Manual Changes Approved by Operating Committee on June 4, 2013

The Operating Committee Tuesday approved changes to Manuals 14 and 36. The changes go next to the Markets and Reliability Committee for final approval.

Manual 14D: Generator Operational Requirements

Reason for changes: Conforming with other manuals; revised NERC standard; updated information; and addition of Wind Unit Dispatchability Check List.

Impact:

  • Multiple sections revised to replace outdated references.
  • Section 7.1.1, Generator Real-Power Control: Revised for consistency with M-36.
  • Section 7.1.3, Notification to PJM for Reactive Power Resource Status during Unit Start-up: revised to reflect changes in NERC Standard VAR-002-2b, R1, effective July 1.
  • Section 7.3, Critical Information and Reporting Requirements: Added references to PJM peak period maintenance season and changed notification time from 30 minutes to 20 minutes for consistency with 7.4.
  • Section 7.4 Synchronization and Disconnection Procedures: Revised to include notification times for synchronizing and disconnecting generators from the system.
  • Section 8, Wind Farms Requirements: Revised to include references to Attachments L & M.
  • Attachment H, PJM Generation and Transmission Interconnection Planning Process Flow Diagram, revised for consistency with Manual M-14A/C.
  • Attachment M, Wind Unit Dispatchability Check List: New attachment.

PJM contact: Glen Boyle

Manual 36: System Restoration

Reason for changes: Annual review, incorporating suggested changes from the RFC/SERC audit.

Impact:

  • Attachment G updated to reflect revised EOP-005-2, Restoration Plan Coordination/Approval Process.
  • Attachment B updated for consistency with other RTOs (information to be exchanged prior to interconnection).
  • Updates Attachment H – Underfrequency Load Shed Tables.
  • Adds Attachment I to map manual sections to EOP-005-2 and EOP-006-2.
  • Minor grammatical changes throughout.
  • Attachment F update – Transmission Owner and black start supporting document references
    • Adds specific references to TO restoration plans
    • Allows future updates in separate file to avoid repeated manual updates requiring stakeholder approval.

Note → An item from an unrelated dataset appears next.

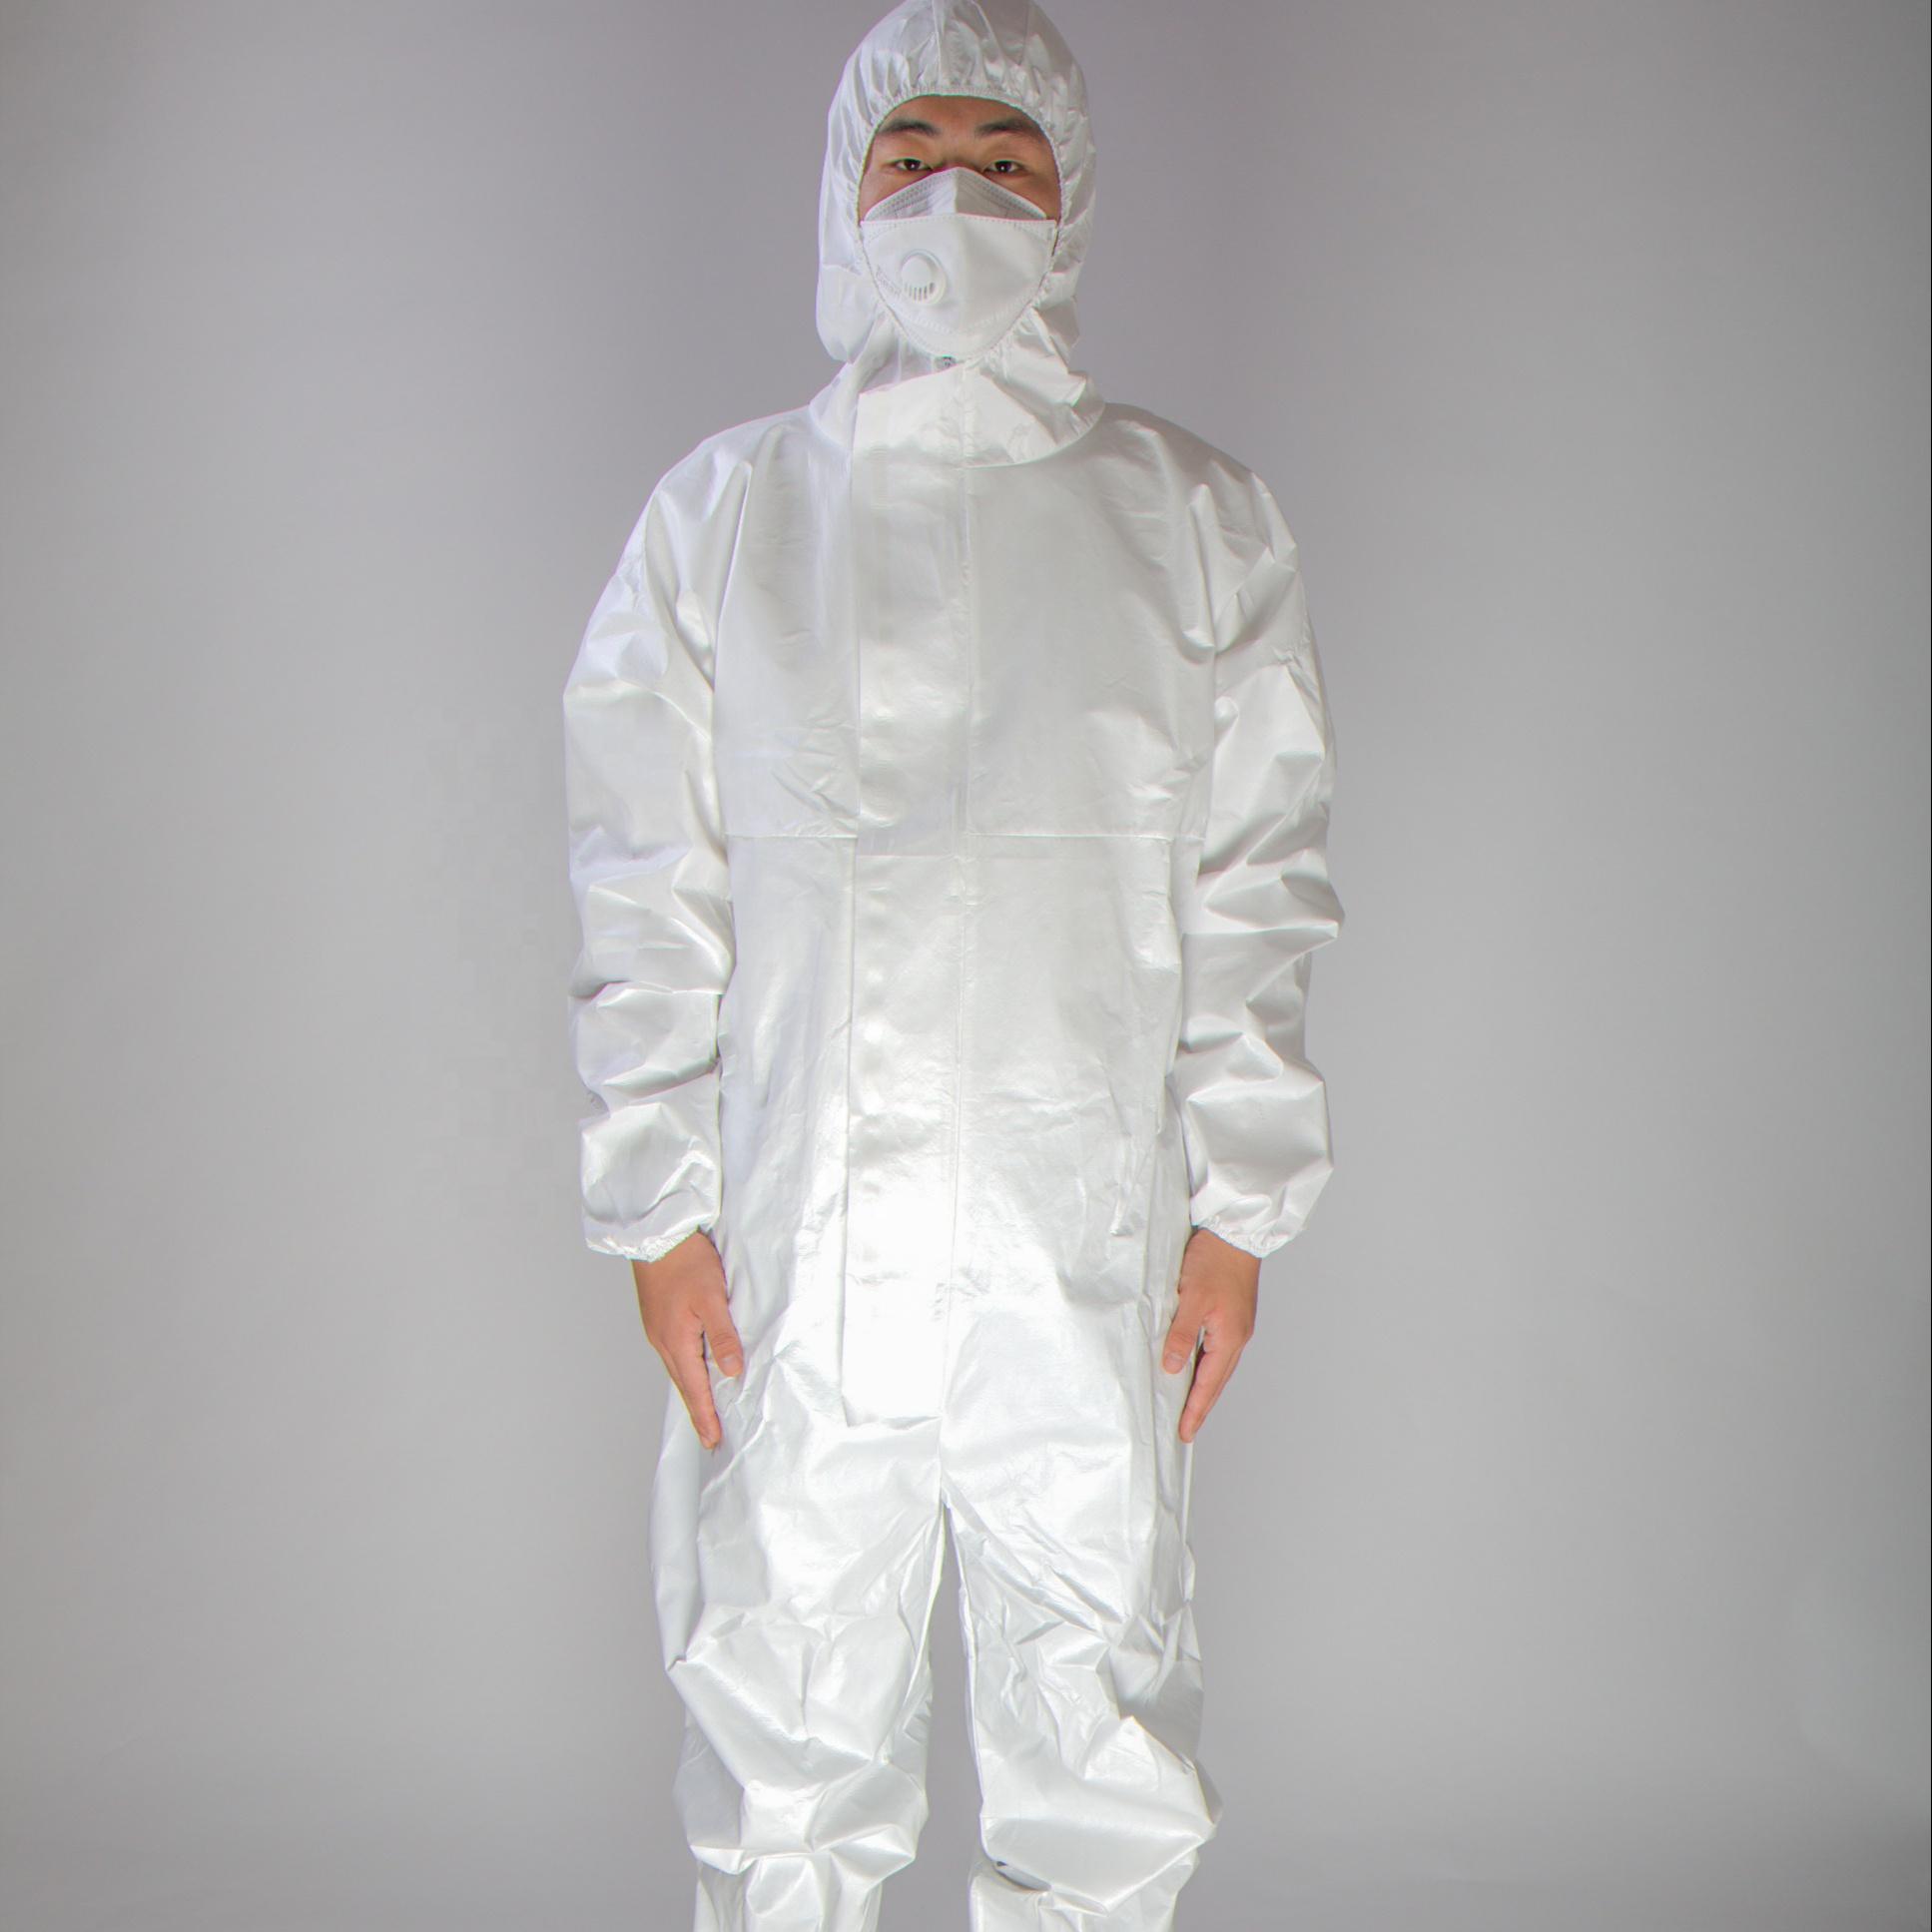 chemical protection hazmat suit coverall high quality suit bio hazard suits - KingCare | KingCare.net
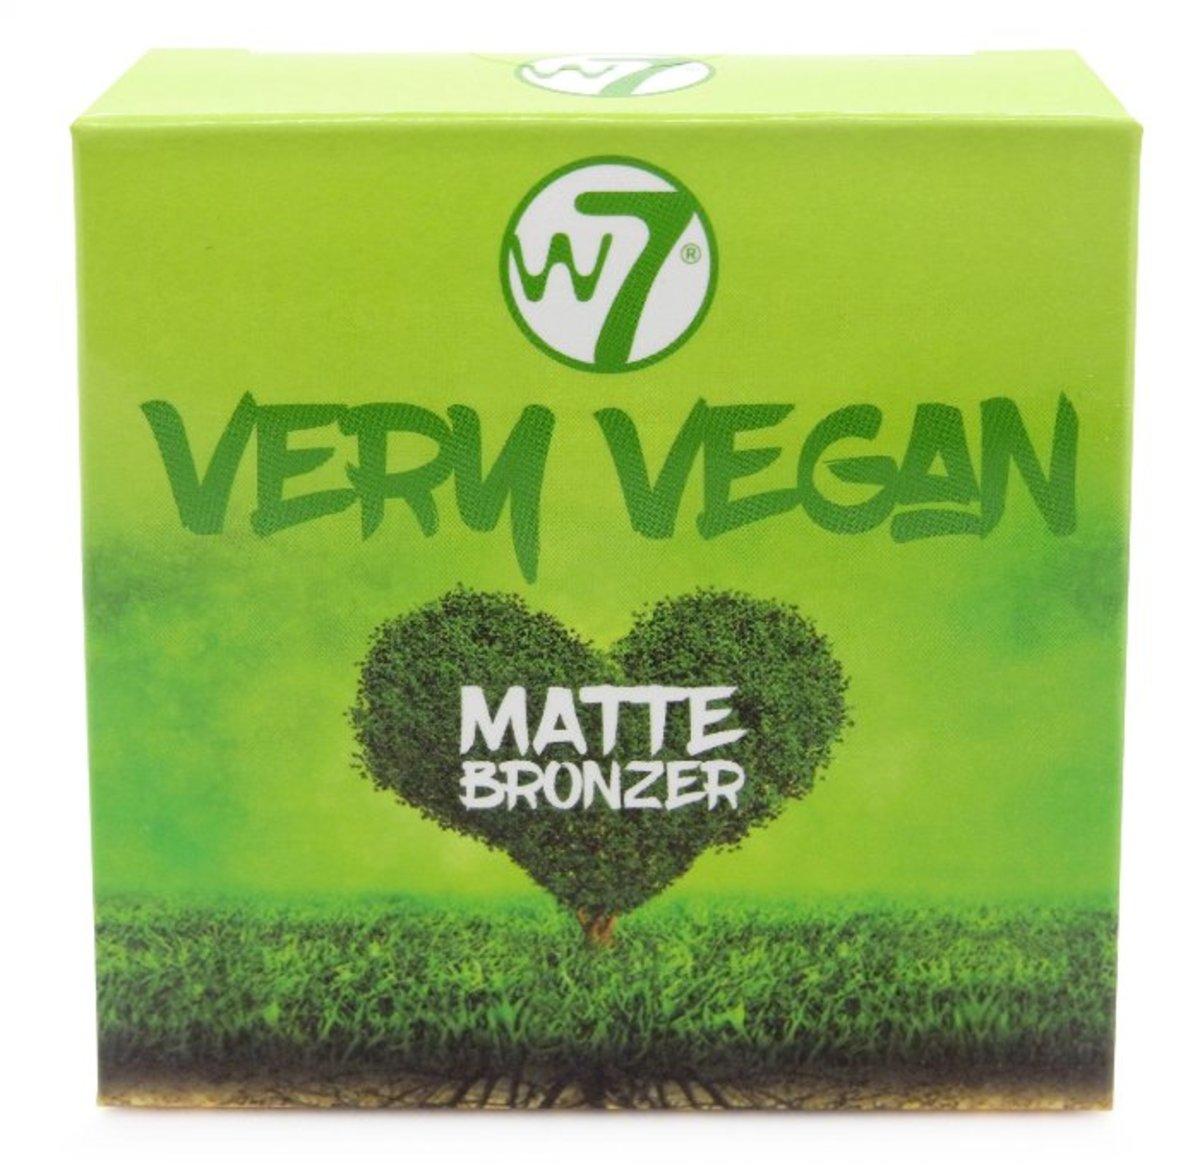 Very Vegan Matte Bronzer - Sun Kissed

PJM contact: David Schweizer

Emergency Preparedness Drill Exposed Communications Issues

PJM’s summer 2013 emergency preparedness drill exposed several communications problems and the need for additional training, PJM’s Bill Powell told the Operating Committee Tuesday. Powell identified several issues in his debriefing on the May 14 drill:

  • One company was unable to submit correct Supplemental Status Report (SSR) data in the Dispatcher Applications and Reporting Tool (eDART); two companies requested additional training on SSR.
  • Several companies complained of garbled satellite phone messages.
  • Several companies said that messages on the All Call notification system were too long.
  • Several companies identified the need to perform additional internal training or update internal processes.
  • PJM did not post the Manual Load Dump event on the Emergency Procedures posting application at the same time as the Manual Load Dump All Call. Several companies requested clarification regarding the time to be used in event of an actual load dump situation; PJM said the All Call time will be used.
  • Several inconsistencies were noted in drill sequence and accompanying All Call messages regarding loading max emergency combustion turbines first instead of steam units. All Call drill wording did not match some of Manual 13. Future drill messages will be corrected to match PJM manuals.

PJM contacts: Bill Powell, Dave Turtle
epdrill@pjm.com
610-955-2466

Lessons from Hurricane Sandy: Dispersed Staffing, Generator Cuts

Transmission owners should consider locating staff in 500 kV substations in advance of future hurricanes, and PJM should be quicker to take generation off-line as load is lost, the Operations Committee was told Tuesday.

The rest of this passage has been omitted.